We successfully downloaded and loaded the datasets.
# 修改路径为你本地的数据路径
blogs <- readLines("en_US.blogs.txt", encoding = "UTF-8", skipNul = TRUE)
news <- readLines("en_US.news.txt", encoding = "UTF-8", skipNul = TRUE)
twitter <- readLines("en_US.twitter.txt", encoding = "UTF-8", skipNul = TRUE)
length(blogs); length(news); length(twitter)
We computed basic statistics such as line counts, total words, and average words per line.
summary_stats <- function(data){
words_per_line <- sapply(strsplit(data, "\s+"), length)
data.frame(
Lines = length(data),
TotalWords = sum(words_per_line),
AvgWordsPerLine = round(mean(words_per_line), 2)
)
}
stats <- rbind(
Blogs = summary_stats(blogs),
News = summary_stats(news),
Twitter = summary_stats(twitter)
)
kable(stats, caption = "Summary Statistics of the Three Datasets")

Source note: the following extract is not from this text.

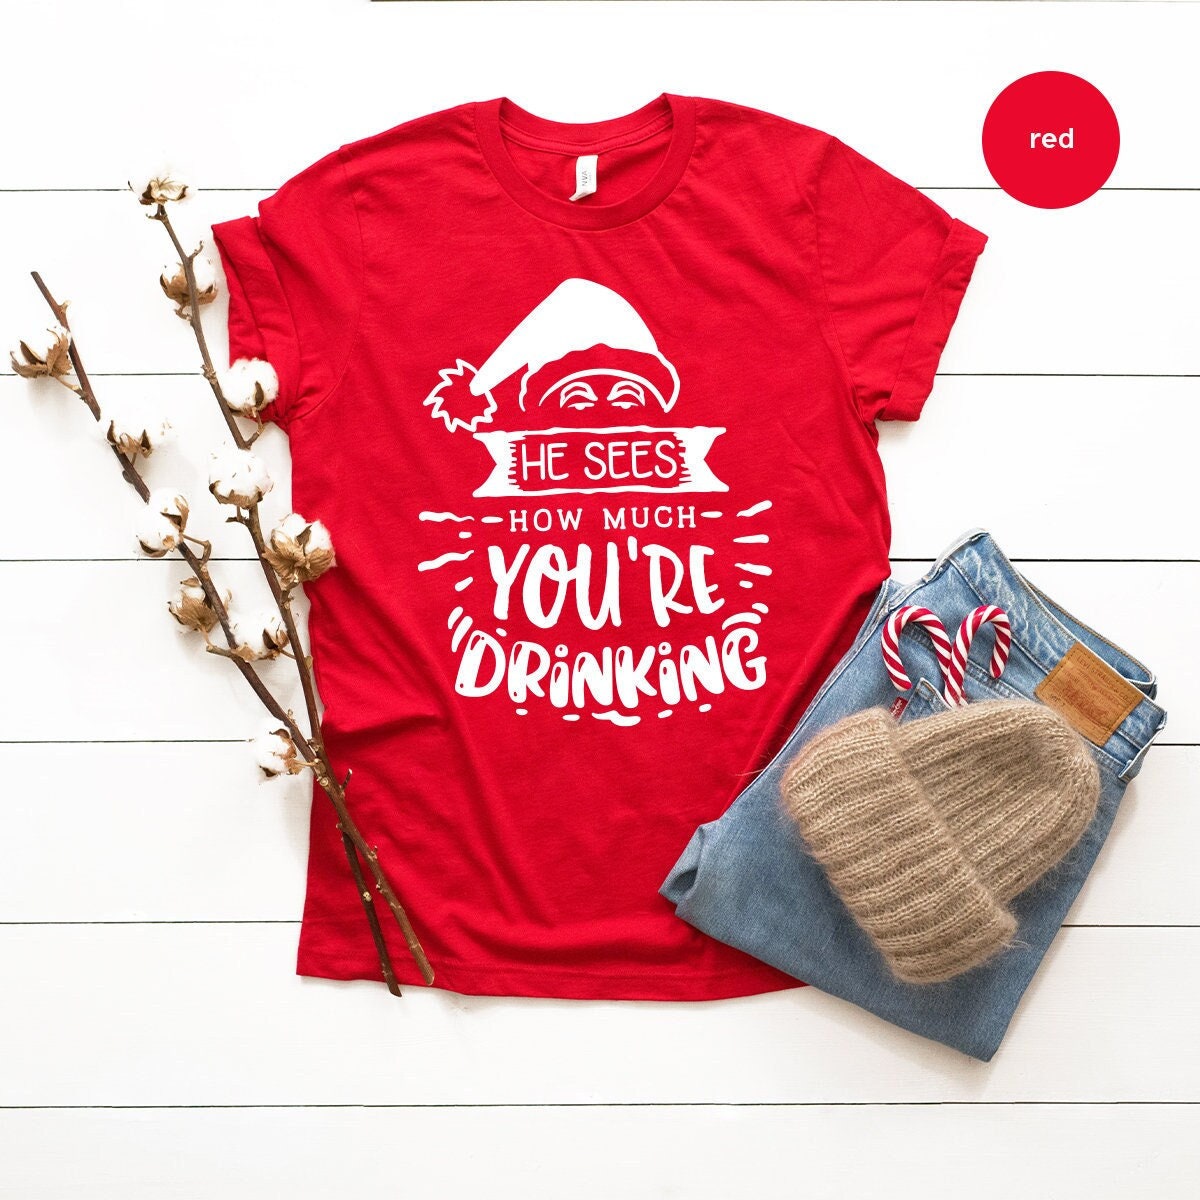 Funny Christmas Shirts, He Sees You When Youre Drinking He Knows Your Booze Intake Shirt, Drinking Shirt, Christmas 2022 Party Shirt - Fastdeliverytees.com

Here we show histograms of words per line to illustrate differences between datasets.
blogs_words <- sapply(strsplit(blogs, "\s+"), length)
news_words <- sapply(strsplit(news, "\s+"), length)
twitter_words <- sapply(strsplit(twitter, "\s+"), length)
df_plot <- data.frame(
words = c(blogs_words, news_words, twitter_words),
source = factor(c(
rep("Blogs", length(blogs_words)),
rep("News", length(news_words)),
rep("Twitter", length(twitter_words))
))
)
ggplot(df_plot, aes(x = words, fill = source)) +
geom_histogram(bins = 50, alpha = 0.6, position = "identity") +
xlim(0, 200) +
labs(title = "Distribution of Words per Line",
x = "Words per Line", y = "Count")
We confirmed successful data loading and
exploration.
Key differences across datasets were identified.
Next step: build n-gram prediction model and Shiny
app.